In the most recent version of the Diagnostic and Statistical Manual of Mental Disorders (DSM), the Paraphilia category of diagnoses, which includes “atypical sexual desires and behaviors,” underwent a significant revision thanks to the work of sexual freedom advocates and a growing body of psychological research. Published by the American Psychiatric Association (APA), the DSM is the authoritative guide to the diagnosis of mental disorders used by health care professionals in the United States. In the DSM-5, Paraphilias are no longer considered de facto psychologically unhealthy. Therapists are only to focus clinical attention on a client’s kink if they are experiencing distress that significantly impairs functioning due to their atypical sexuality. A study by the National Institutes of Health on psychological characteristics of BDSM practitioners concurred: “We conclude that BDSM may be thought of as recreational leisure, rather than the expression of psychopathological processes.”

Who Is Kinky?

Kink by nature is subjective. It’s what an individual perceives as non-normative, with “normative” being a socially constructed word regulated by society. It’s a continuum of experience, of taste, of preferences. We are trying to get the morality piece to the side, because that is subjective, just as personal preferences are. Results from a National Coalition for Sexual Freedom 2008 survey show a widely varied community of kinky practitioners, with demographics including diversity in age, sex, gender, race, employment status, and sexual orientation (both heterosexual and LGBTQ).

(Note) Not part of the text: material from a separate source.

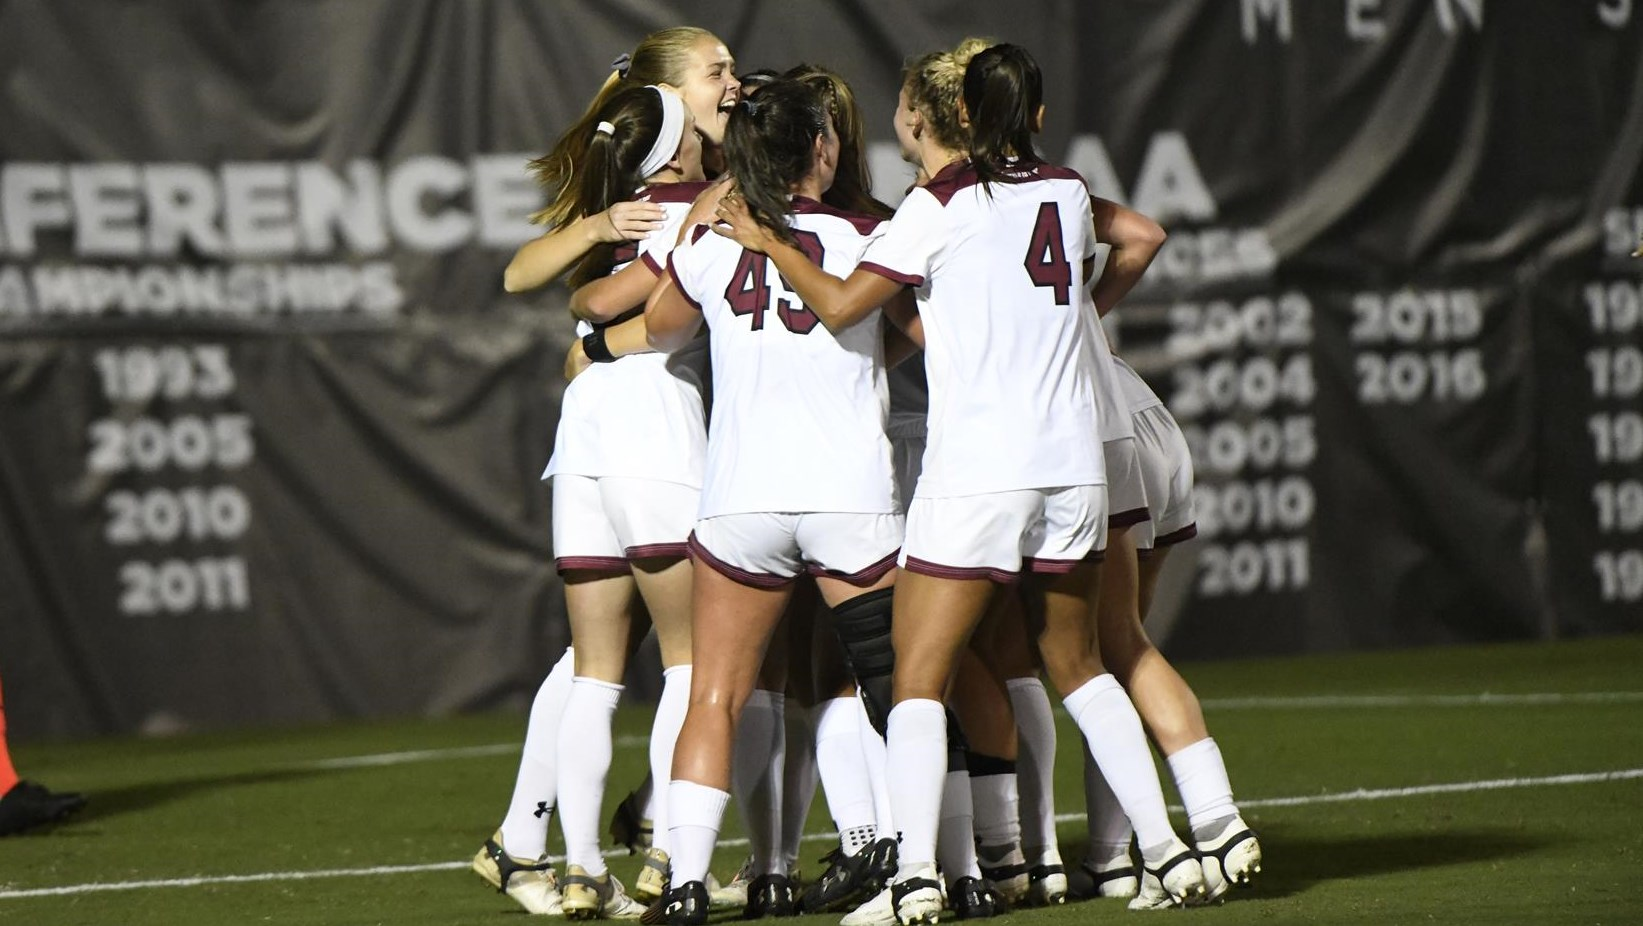 Gamecocks Travel to UNC for NCAA Tournament First Round

So why don’t people seek help for other issues?

“Many kinky people have not gotten help for trauma, abuse, or even medical treatment because of their fear of shame, blame, and refusal of treatment or pathological thinking of the providers they may see,” says Lauren Zerbst, licensed clinical social worker and sex therapist. Their concerns are not unfounded. According to a survey from the National Coalition for Sexual Freedom, 48.8% of BDSM practitioners reported being discriminated against by a medical doctor, and 39.3% reported being discriminated against by a mental health practitioner.

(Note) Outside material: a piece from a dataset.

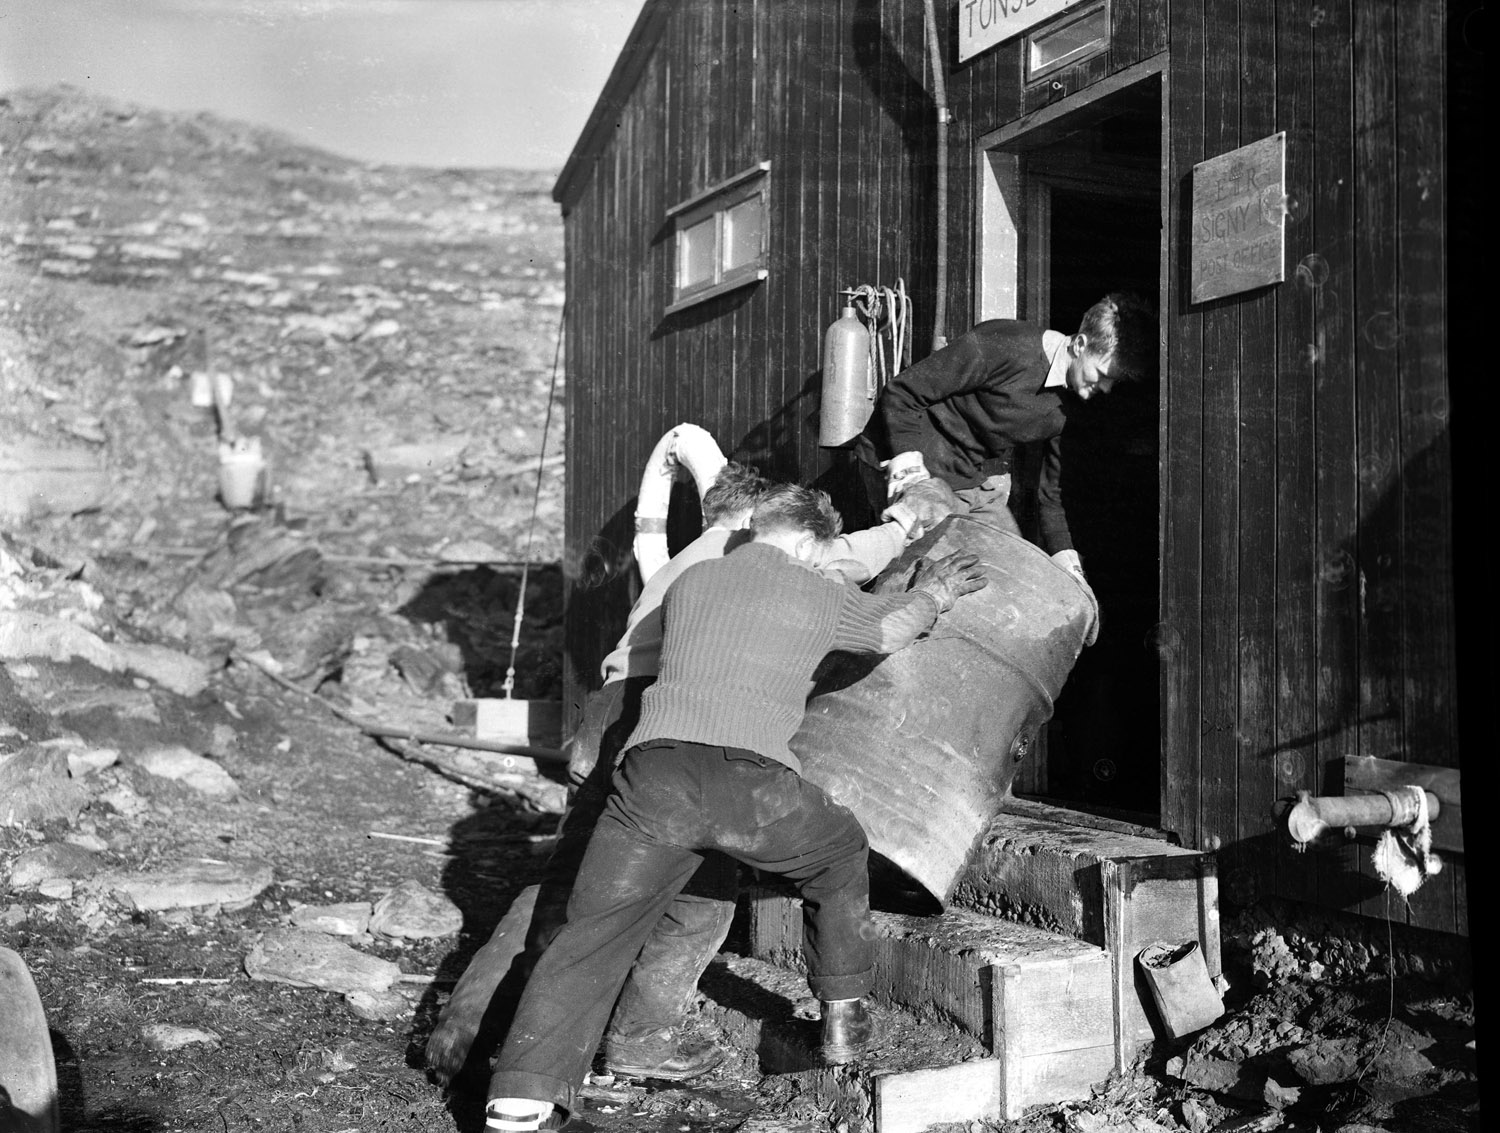 Diesel oil for the generator taking the usual route into the hut 1958-59

“When kinky clients first come to see me for treatment, they often report a deep sense of aloneness,” says Simon Weismantel, licensed social worker. “Their kink can make them feel more different than they actually are from other people. They can feel separate and ashamed because of stigma, without knowing there is a caring and inclusive community.” Weismantel understands the hesitation, but is hoping to diffuse it. “For decades, the psychological community was not helpful,” says Weismantel, whose graduate thesis focused affirming therapy with BDSM clients.

He also recognizes that it can be hard to find the right therapist. According to Ortmann and Sprott (2012), it’s estimated that 5 million people in the US are kinky, but there are only about 500 kink-informed therapists in practice. For kinky clients, finding a therapist with whom their full sexual selves are welcome and accepted is the first step in getting the proper treatment they deserve.

Fortunately, there is now a growing body of kink aware and kink friendly practitioners — those who are familiar with the language and terminology of the community and who provide a welcoming and nonjudgmental environment for therapy. Krpan suggests that some may want to seek out a “kink informed” practitioner — someone who has completed specific training and who is constantly learning about effective care and support for kinky people. “A client should not feel the need to educate their therapist on a community’s BDSM practices, lingo or larger cultural issues related to ongoing experiences of stigma and discrimination.”

Contrary to the Stigma

A final closing note:  a study published in 2013 in the Journal of Sexual Medicine found that “BDSM practitioners were less neurotic, more extraverted, more open to new experiences, more conscientious, less rejection sensitive, [and] had higher subjective well-being.” In the end, it may be the social stigma and disconnection from community that causes the stress, not the kink itself. A kink-aware professional is one who leaves those external trappings at the door, so that you can work on what’s important to you.